Why is Rogers Pass National Historic Site a special place?

Rogers Pass National Historic Site

Rogers Pass National Historic Site is a large cultural landscape at the heart of Glacier National Park - a situation that is unusual in the Canadian national park system. Parks Canada staff must actively manage natural processes in order to protect and stabilize in situ cultural resources (eg: removal of new vegetation growth to prevent disruption of stone ruins).


Cascade Creek stone arch railway bridge
© Parks Canada / John Woods
Railway trestles in the Loop Brook Valley
Railway trestles in the Loop Brook Valley
© Parks Canada / Zuzana Driediger

 

  • Working for the Canadian Pacific Railway Company, Major Albert Bowman Rogers first discovered this gap through the impenetrable Selkirk Mountain barrier in 1881, and he returned to confirm the existence of the pass a year later.

  • Construction of the railway line on the steep mountainsides and over the deep gorges of the Selkirk Mountains required engineering solutions that represented innovative breakthroughs during Victorian times.

  • Operation of a railway line through the incredible avalanche danger and 12 metre (40 foot) annual snowfall of Rogers Pass demanded new technologies and new skills from the railroaders.

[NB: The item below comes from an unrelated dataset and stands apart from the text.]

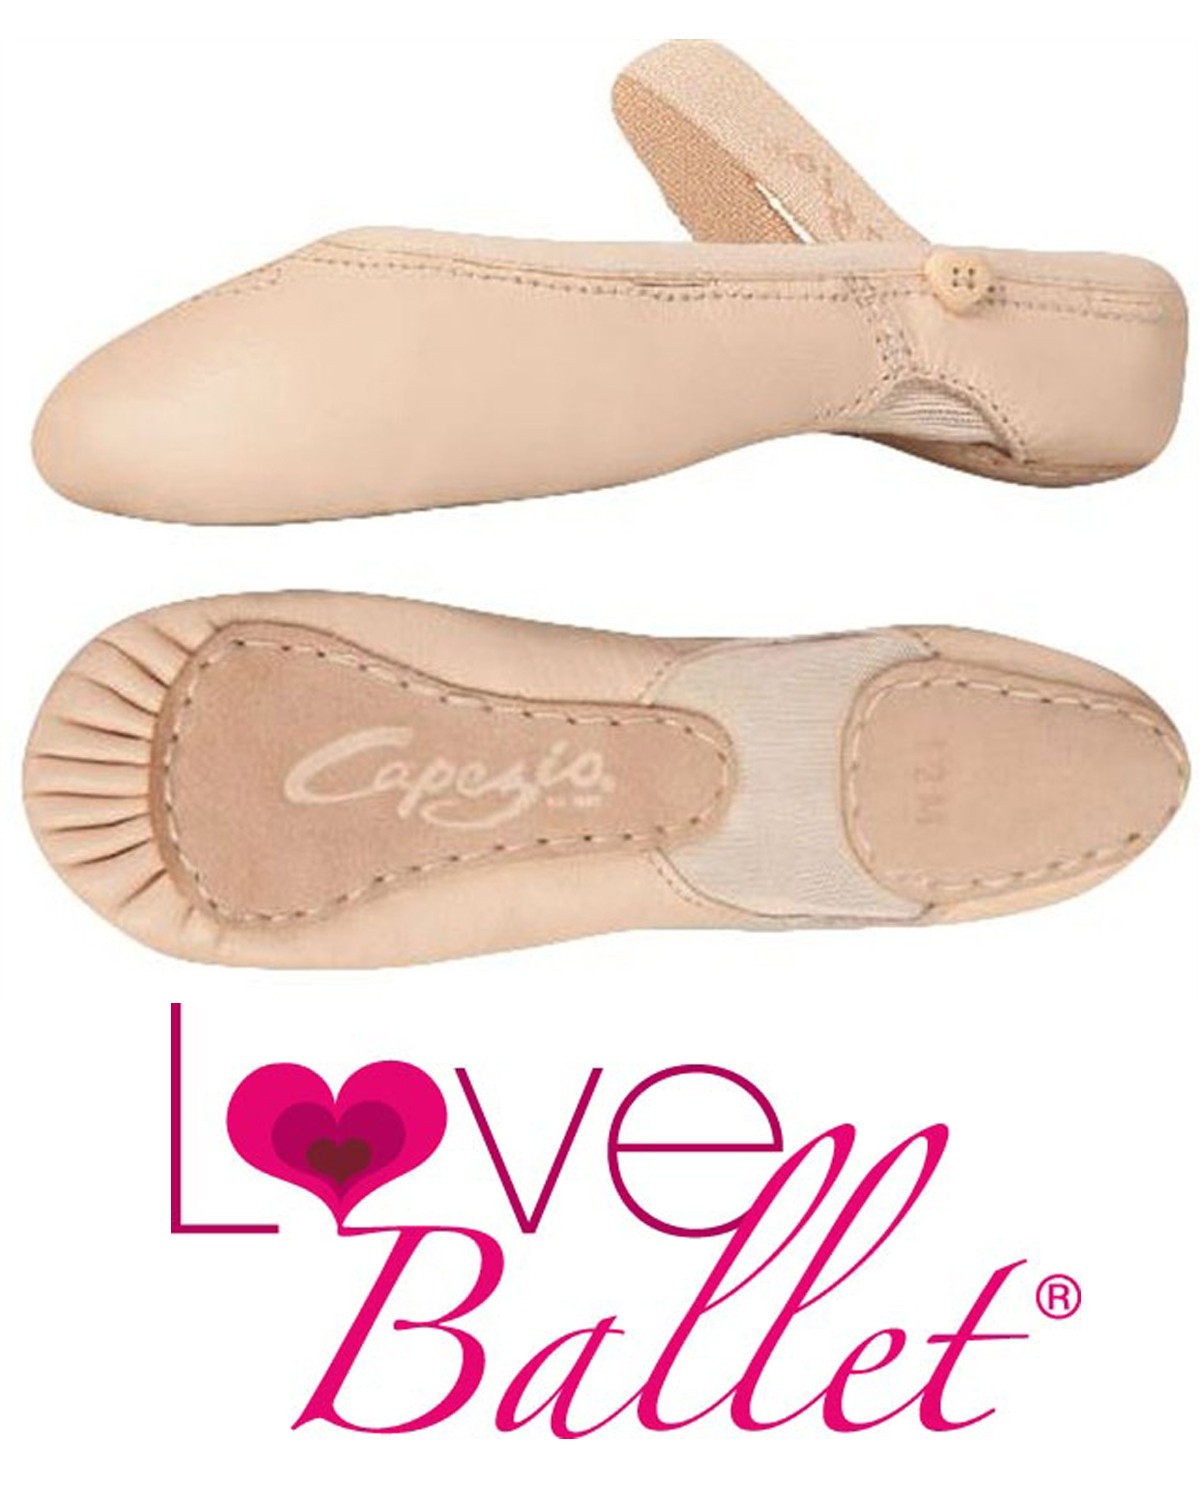 capezio love ballet shoes
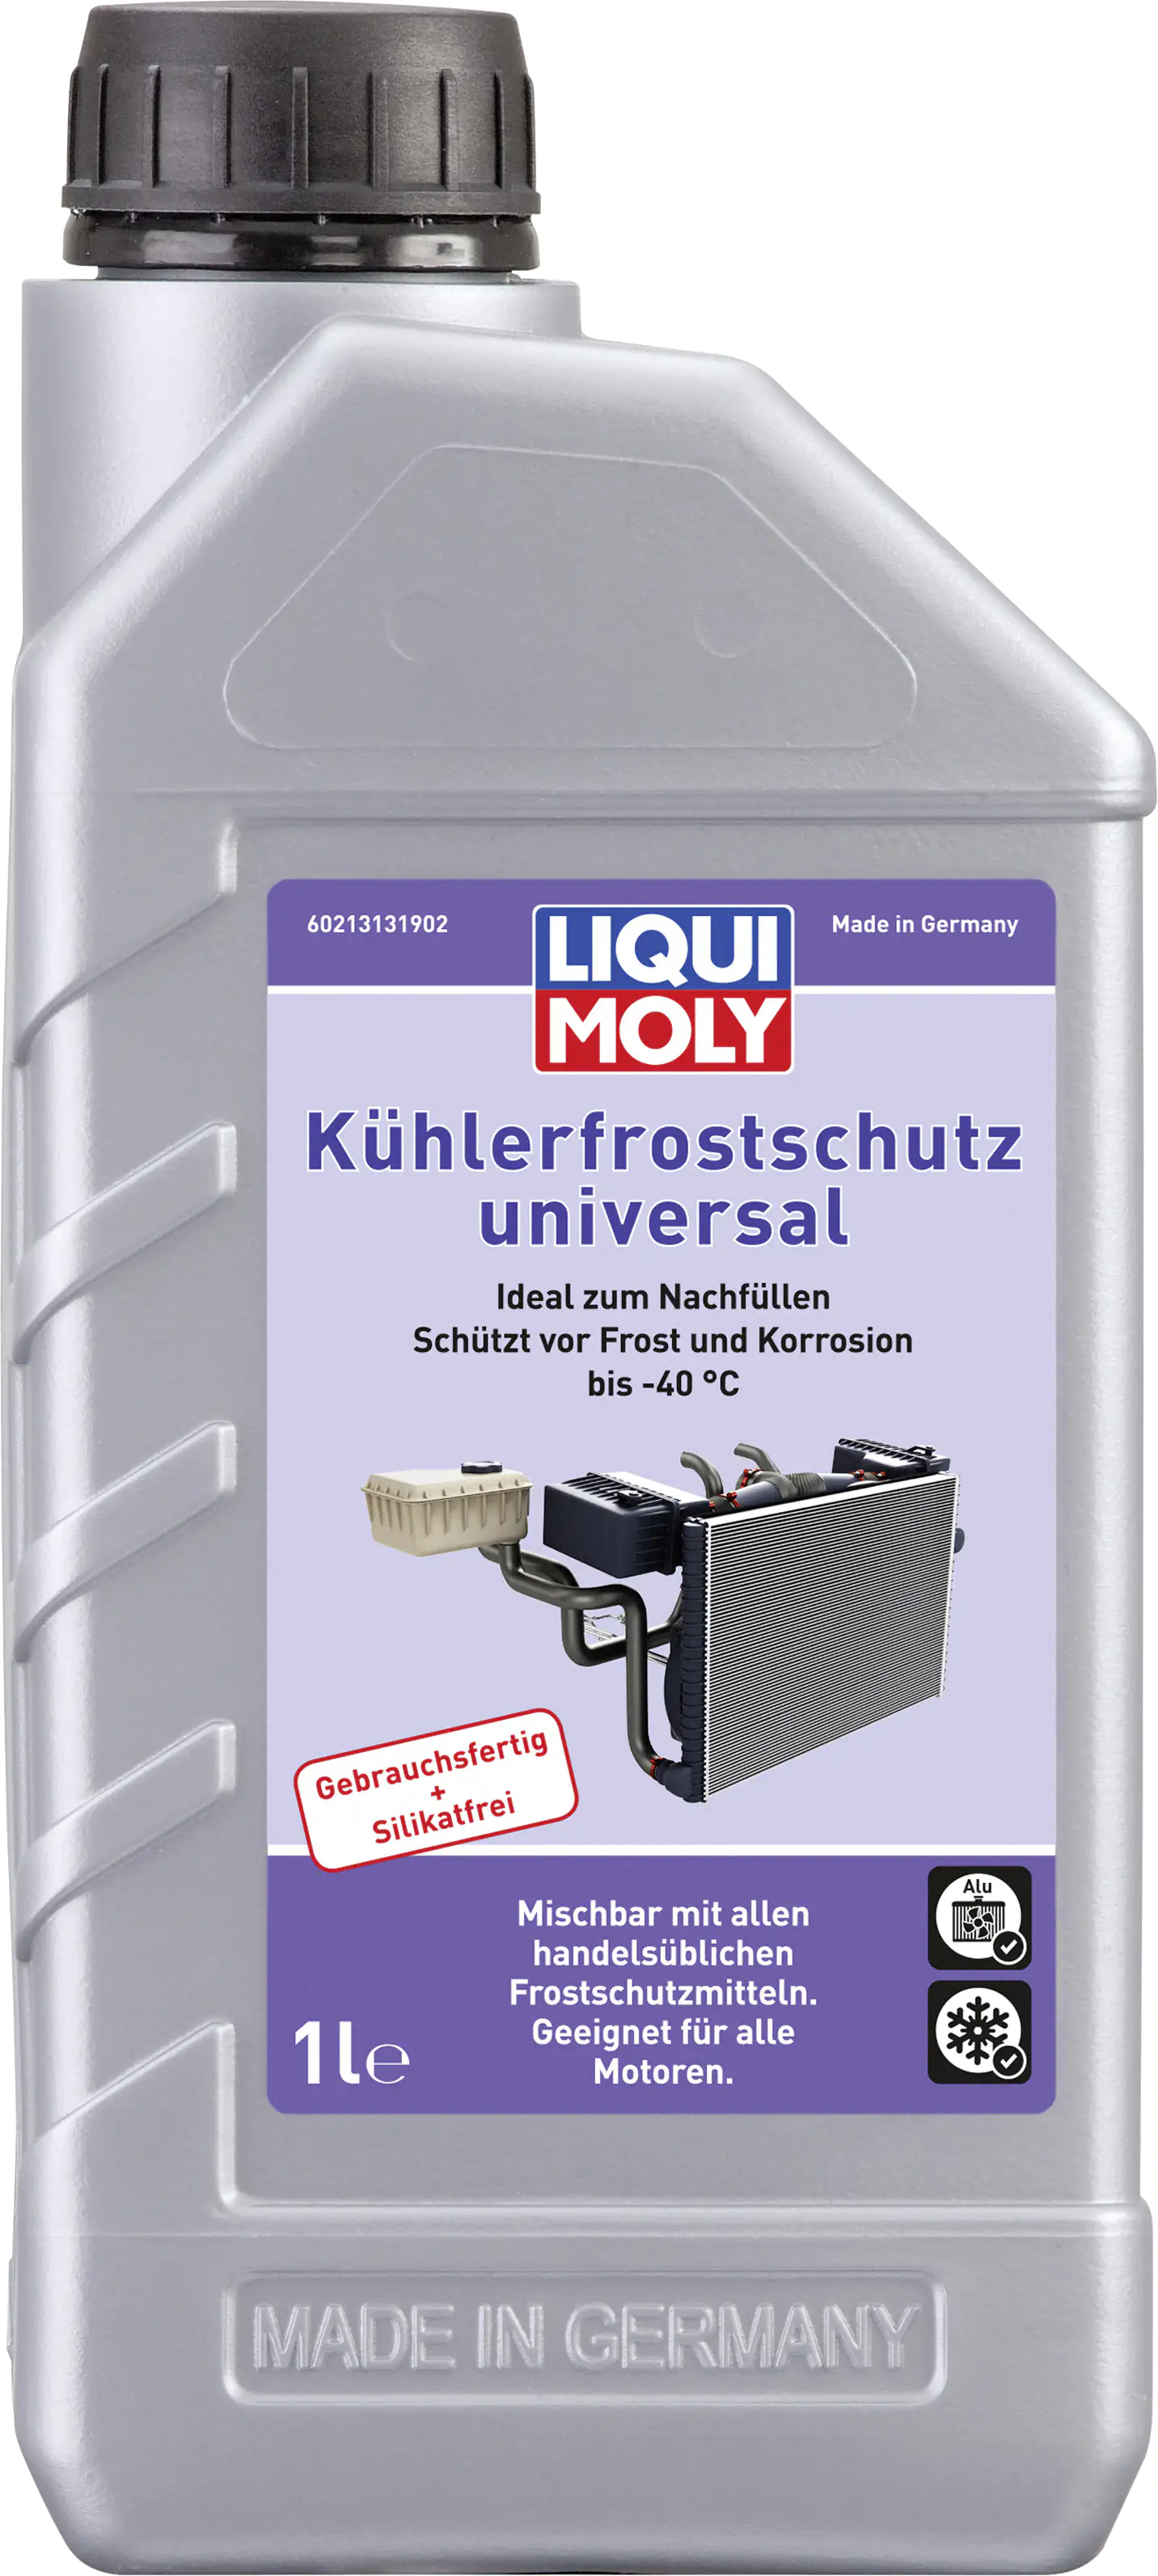 Liqui Moly Kühlerfrostschutz universal gebrauchsfertig 1 L kaufen

  • People of many cultures contributed their labour to the search for the pass and construction and operation of the railway. Railway employees and contractors included Aboriginal people, new immigrants from many Asian and European countries, American contractors and people from the new country of Canada.

  • Completion of the railway fulfilled Prime Minister John A. Macdonald's promise of a land connection to British Columbia, made when the colony joined the Canadian Confederation in 1871. It also realized Macdonald's vision of a trans-continental nation, ended British Columbia's isolation from the rest of Canada, and helped to prevent the absorption of the colony into the United States.

  • At the urging of the Canadian Pacific Railway, the construction of the rail line led directly to the establishment of Glacier and Yoho national parks in 1886, the country's second and third national parks after Banff was established in 1885.